Back to home remedies. The elders all had childhood stories about having to swallow cod liver oil or castor oil that by their description almost turned my stomach. One time Uncle Bud switched out some liquor for the cod liver oil being given to Uncle Fat. Apparently grandma didn't truck to the deed and made both of 'em take double doses of cod liver oil. Her sons towered in height over her but Rose Judge was not one to tangle with. She even tossed my police captain grandpa and his cronies outta the house for tying it on, horsing around, and breaking a table
As a young child I recall our mom got the aspirin in us by crushing it in a spoon and mixing jelly. That proved to be a gateway portal to other spoon license as dipping into jelly and peanut butter jars when she wasn't looking.

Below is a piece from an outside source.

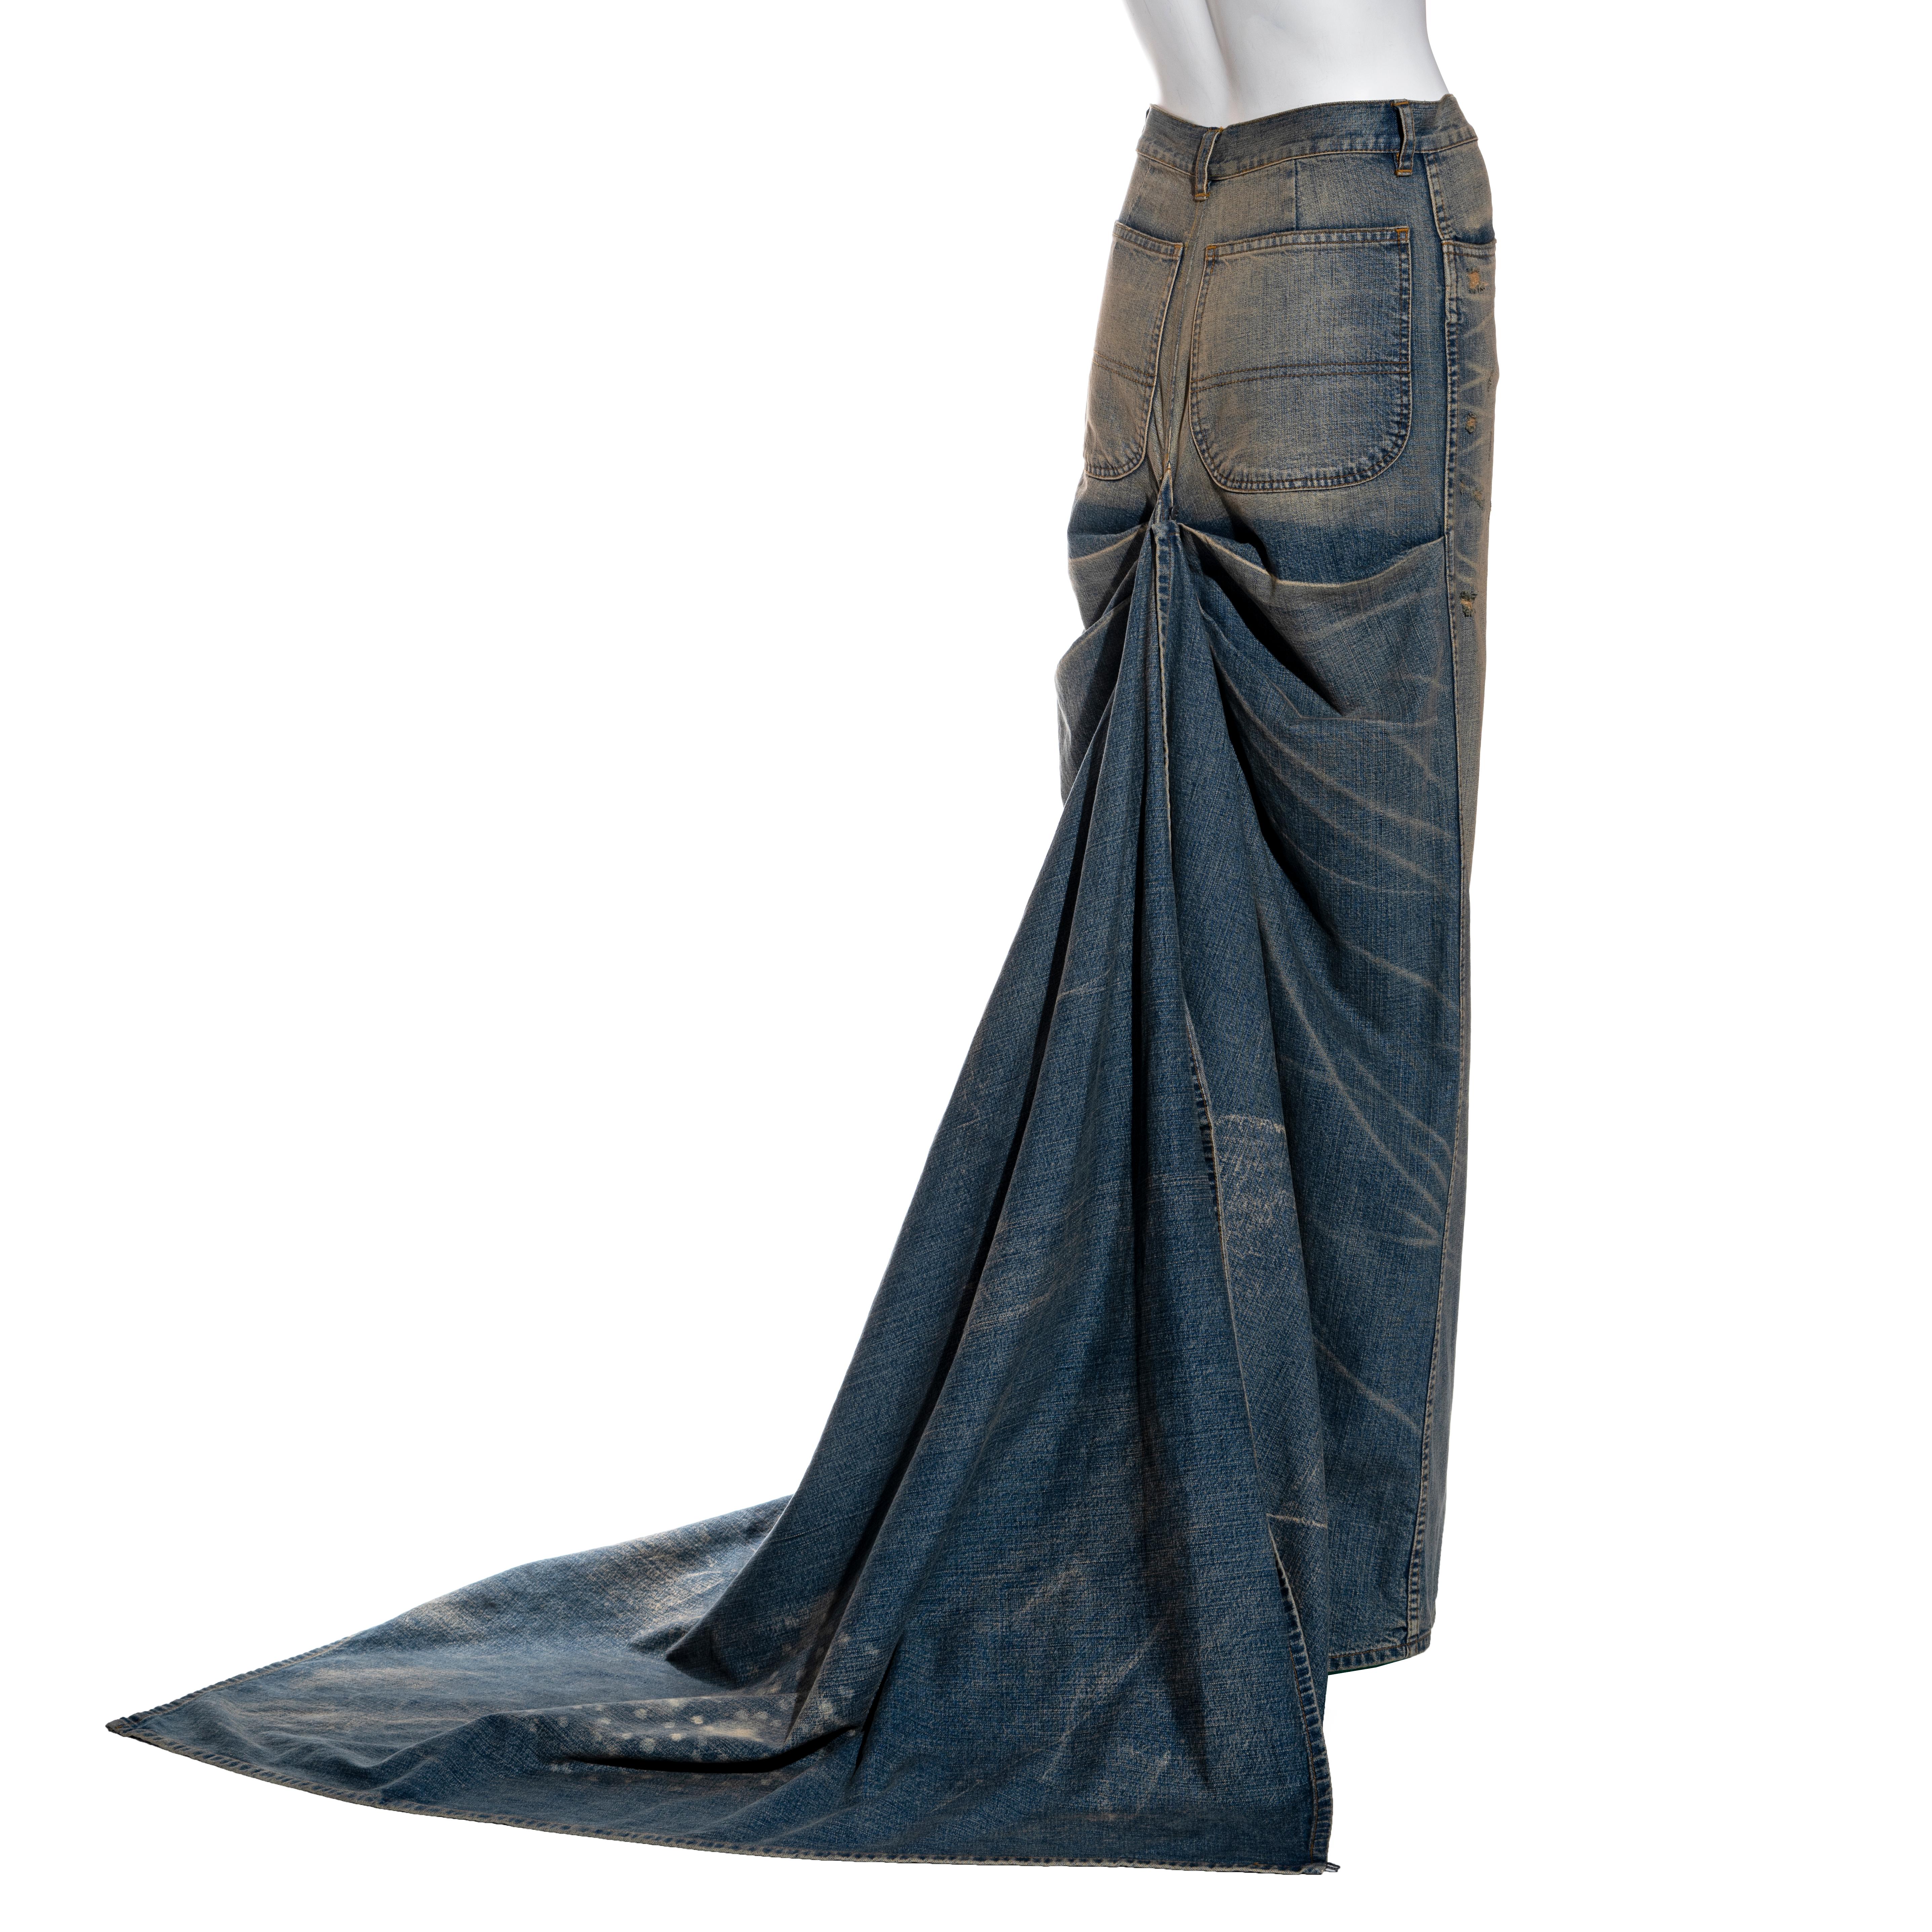 Ralph Lauren distressed denim floor-length bustle skirt with train, ss 2003 1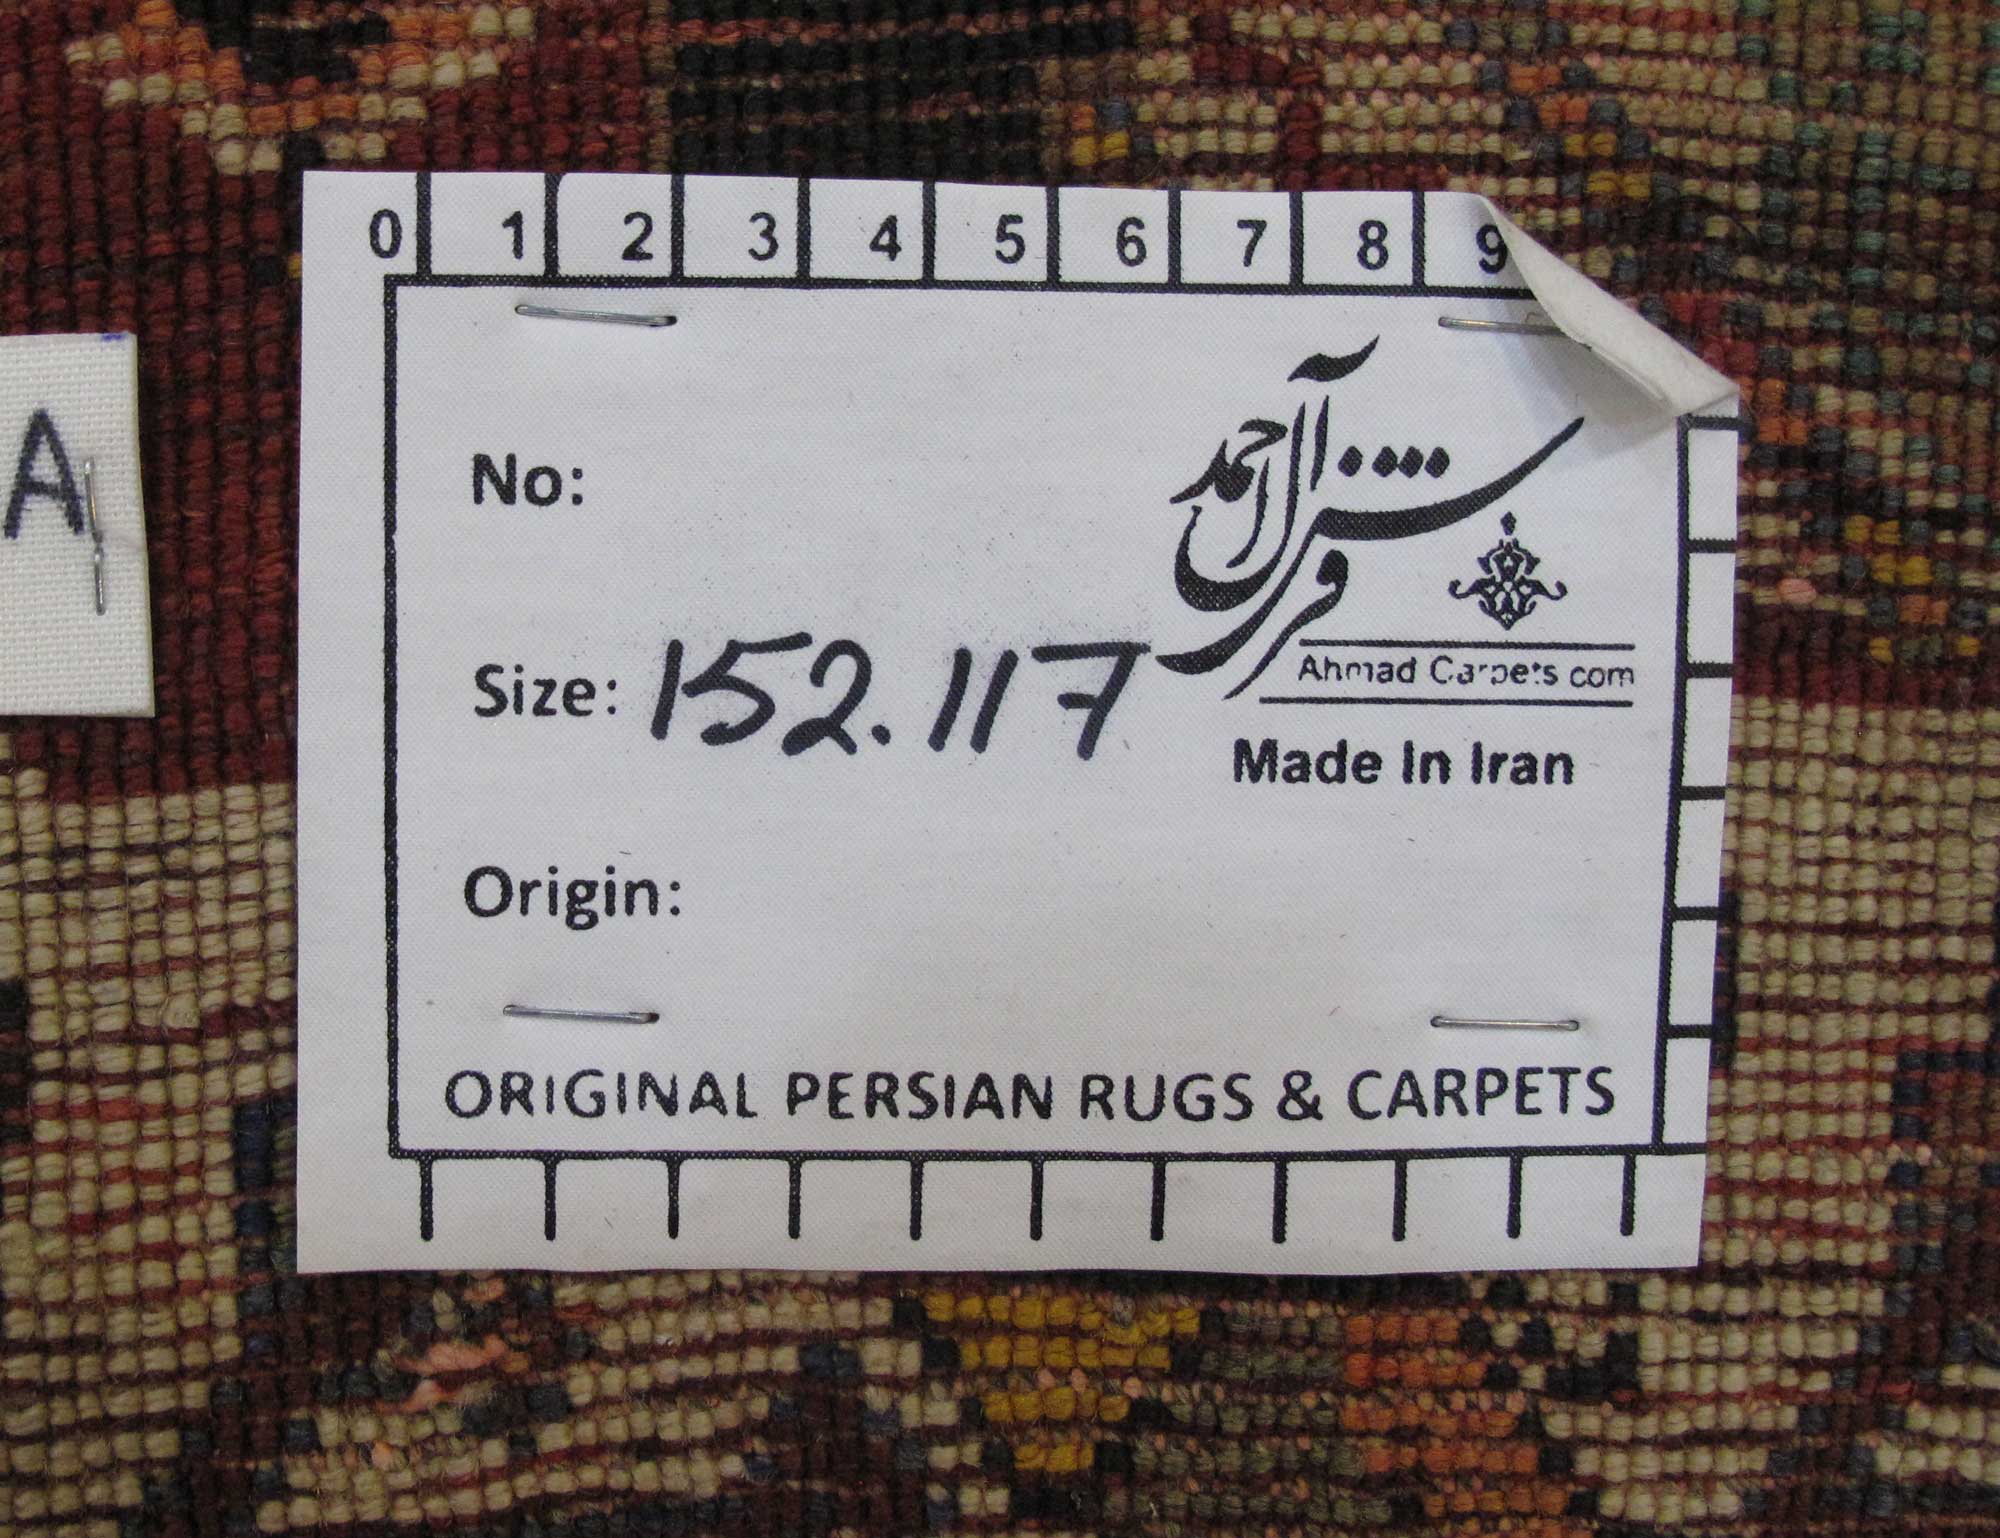 ۴۱۷۵۸ Shiraz 152×117 PP

I mostly recall that our medicine cabinet was spare. There weren't many remedies or aids but yes there was hydrogen peroxide and a gray bottle Kaopectate. Mom's home economy kept our first aid kit to ointments, gauze and white bandage tape long after Band-Aides hit the market. Most the bathroom clutter in a household of five females was hair and cosmetic stuff that prompted our dad to say, "Powder and paint makes 'em look like they ain't." to an audience that marginally appreciated that quip.